The concern of the international community is that Russia might be willing to use smaller tactical weapons instead of larger strategic missiles.

“They may believe that the use of smaller weapons does not cross the red line that transforms warfare into nuclear conflict. They could see it as a use of conventional forces,” says Patricia Lewis, head of the international security program at the Chatham House think tank.

Total number of nuclear warheads

How powerful are those weapons?

Tactical nuclear weapons vary greatly in size and power.

The smallest can be one kiloton or less (equivalent to thousand tons of explosive TNT).

The largest can reach 100 kilotons.

The effects would depend on the size of the warhead, how far from the ground it detonates, and the local environment.

But for comparison, the bomb that killed an estimated 146,000 people in Hiroshima, Japan, during World War II, was 15 kilotons.

Russia’s largest strategic weapons are believed to be at least 800 kilotons.

Malka artillery.
Getty Images
Russian forces can fire small nuclear warheads using conventional artillery.

What is Putin’s strategy?

Putin has made more than one reference to Russia’s nuclear weapons, apparently trying to create a sense of fear.

American spies see this as a sign dedicated to the West to persuade it not to intervene in Ukraine, not as a sign that it is planning a nuclear war.

But others worry that while the chances are low, Russia may, under certain conditions, be tempted to use a smaller tactical weapon during the invasion.

“Putin is comfortable in the world of ‘stability-instability,’ while the West is deterred by his nuclear bravado as if NATO’s $1 billion deterrent is fake,” tweeted Mariana Budjeryn, a nuclear expert at the Belfer Center for Science and International Affairs, at the Harvard Kennedy School.

Test of a 15 kiloton bomb in the United States
Getty Images
Cold War Ordnance: US 15 Kiloton Bomb Test

Could its use be counterproductive?

Putin claims that Ukraine is part of Russia, so using nuclear weapons on its territory seems strange.

Russia itself is at a close distance and “the consequences could cross borders”warns Patricia Lewis.

The only time nuclear weapons were used in a conflict was by the United States at the end of World War II against Japan.

The consequences were catastrophic.

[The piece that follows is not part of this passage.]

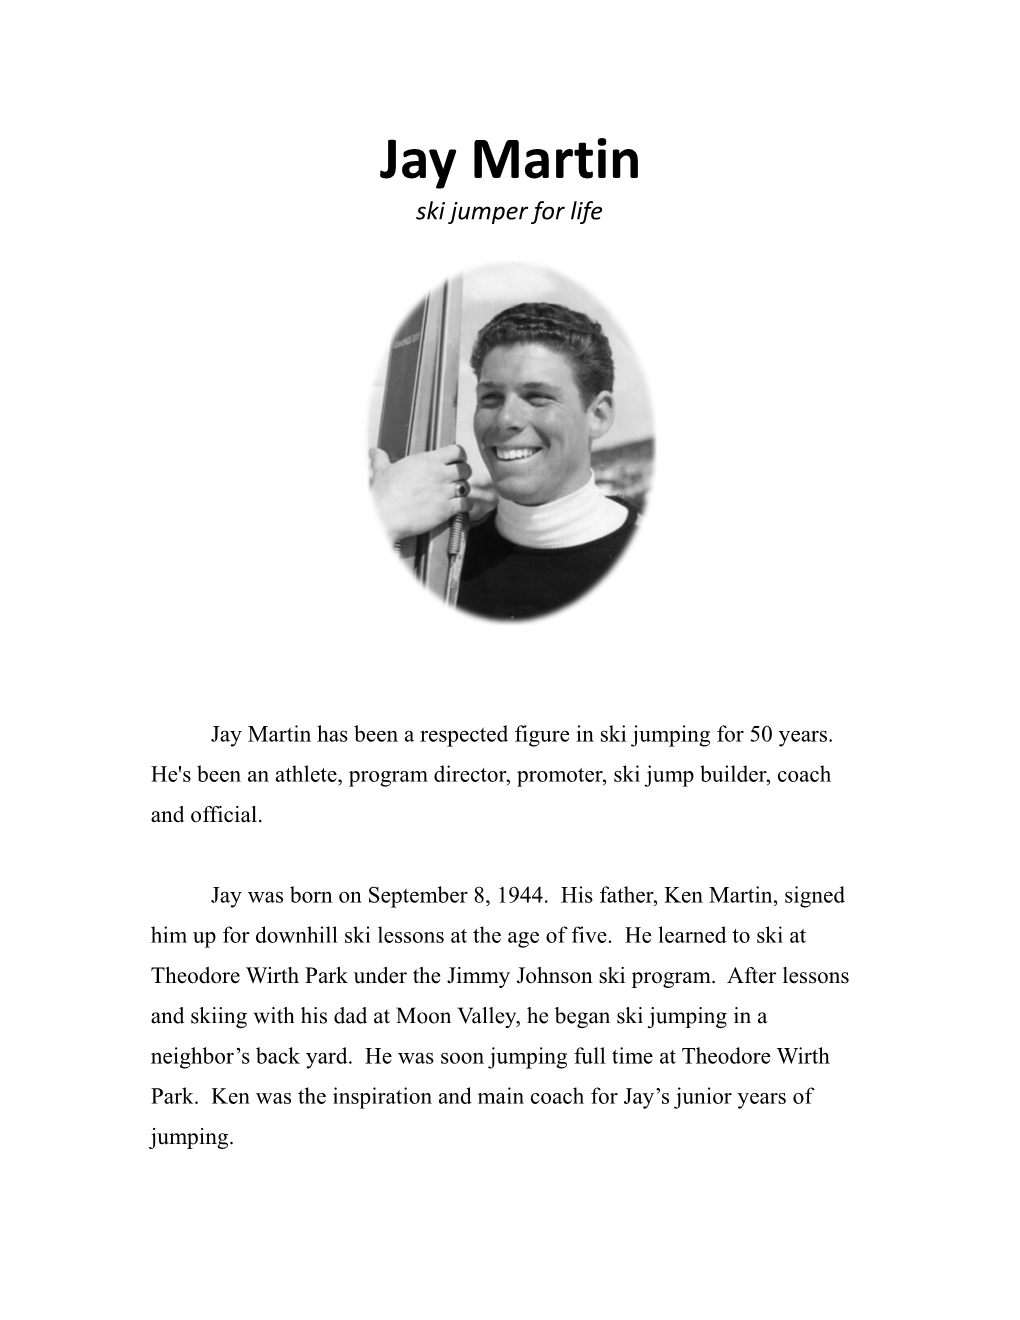 Jay Martin Ski Jumper for Life
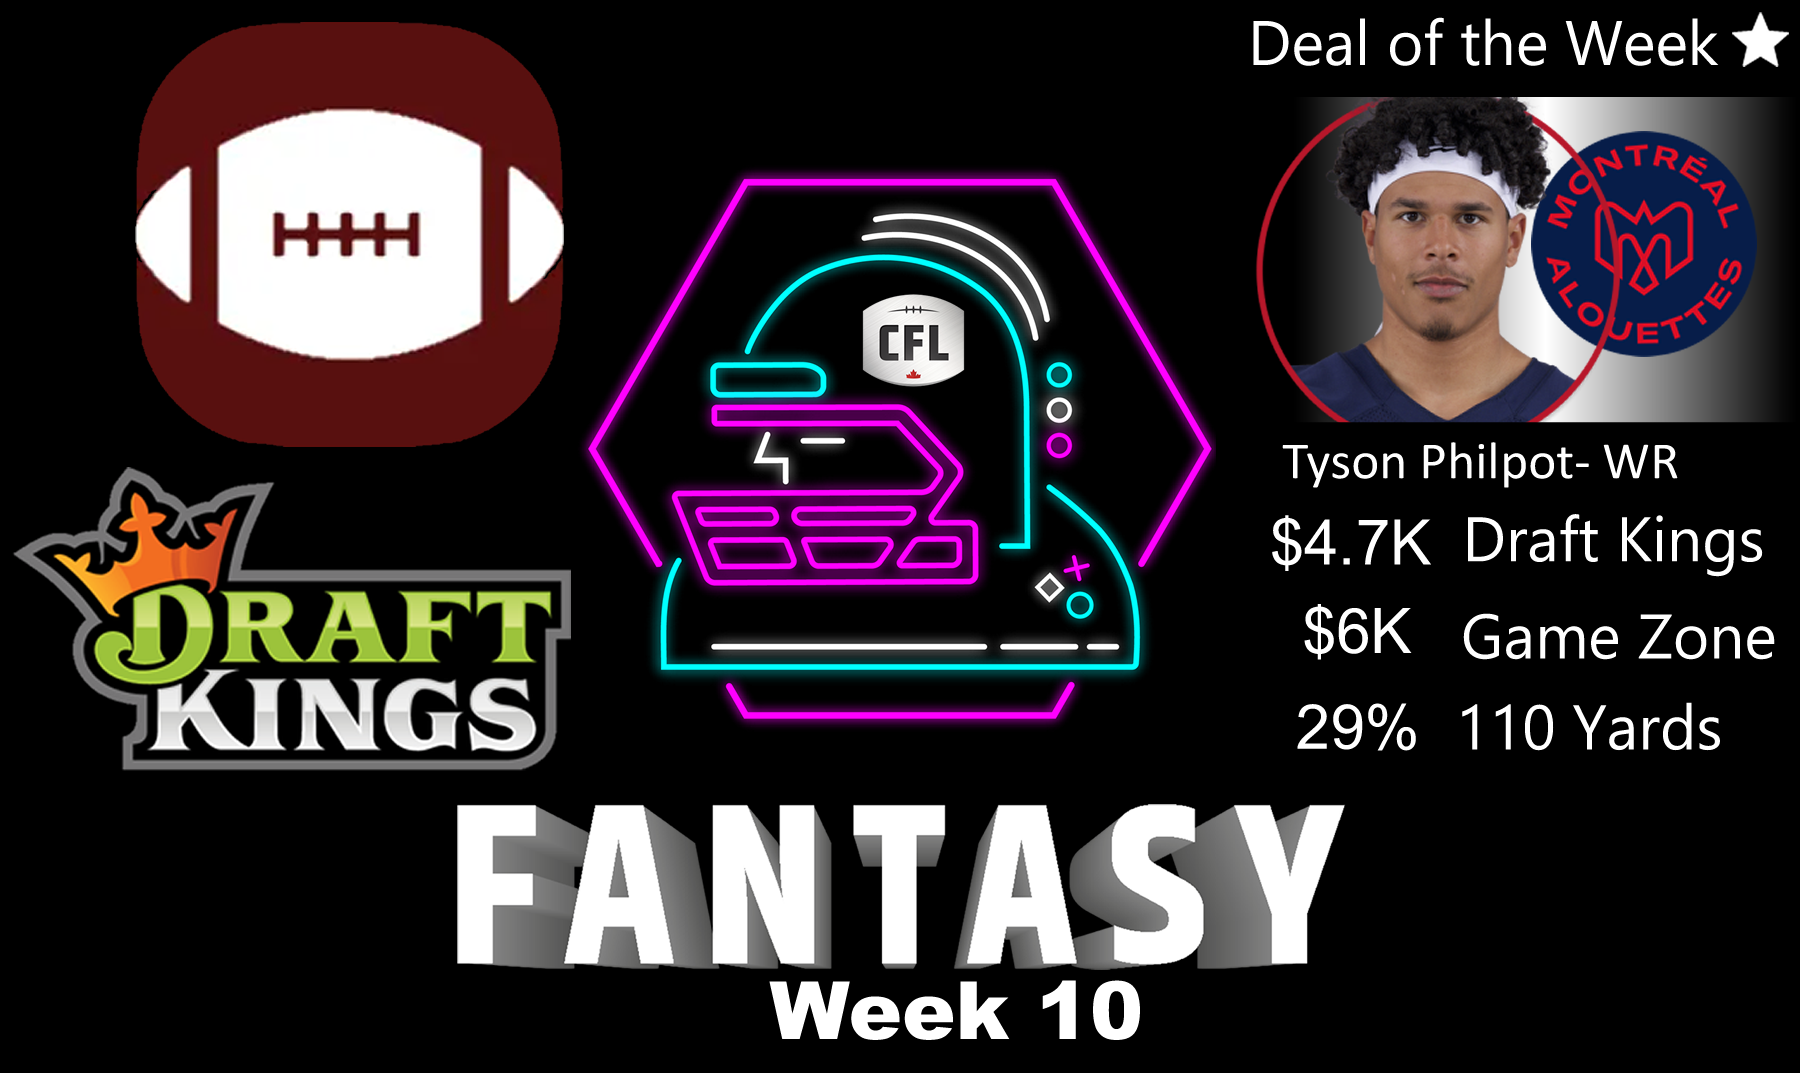 CFL Week 10 Fantasy Football Picks and Sleepers: Draft Kings, Game Zone,  110Yards Waivers

Would Putin want to become the first leader to break the taboo and use them?

Some worry that has shown a willingness to do things that others thought they would not do.

Either by invading the Ukraine or using a nerve agent in the English town of Salisbury.

Williams says there is another reason why Russia might not use nuclear weapons: China.

“Russia relies heavily on Chinese support, but China has a ‘don’t be the first to use’ doctrine regarding nuclear weapons.” So if Putin did, it would be incredibly difficult for China to support him. If he uses them, he would probably lose China”, adds the expert.

Russian systems capable of carrying tactical nuclear weapons

Could the use of “tactical” weapons lead to nuclear war?

No one knows exactly where the use of tactical nuclear weapons would lead. It could escalate and Putin would not want a nuclear war.

But making a miscalculation is always a risk.

“They will think that if they use them, everyone will capitulate,” says Patricia Lewis.

“But what would happen is that NATO would have to intervene in the conflict and respond.

The United States says it is monitoring the situation closely.

Before and after of a street in Mariupol

The US has an extensive intelligence-gathering machine to observe russian nuclear activity and see if, for example, tactical weapons are being removed from storage or if there is any change in the behavior of launch sites.

So far they say have not seen any significant change.

It is difficult to predict how the United States and NATO would respond to any use of nuclear weapons.

They may not want to escalate the situation further and risk total nuclear warbut they may also want to draw a line.

This could mean a harsh conventional rather than nuclear response.

But what would Russia do then?

“Once you’ve crossed the nuclear threshold, there’s no obvious stopping point,” says James Acton, a nuclear expert at the thinktank Carnegie Endowment for International Peace in Washington DC.

“I don’t think anyone can say what that world would be like.”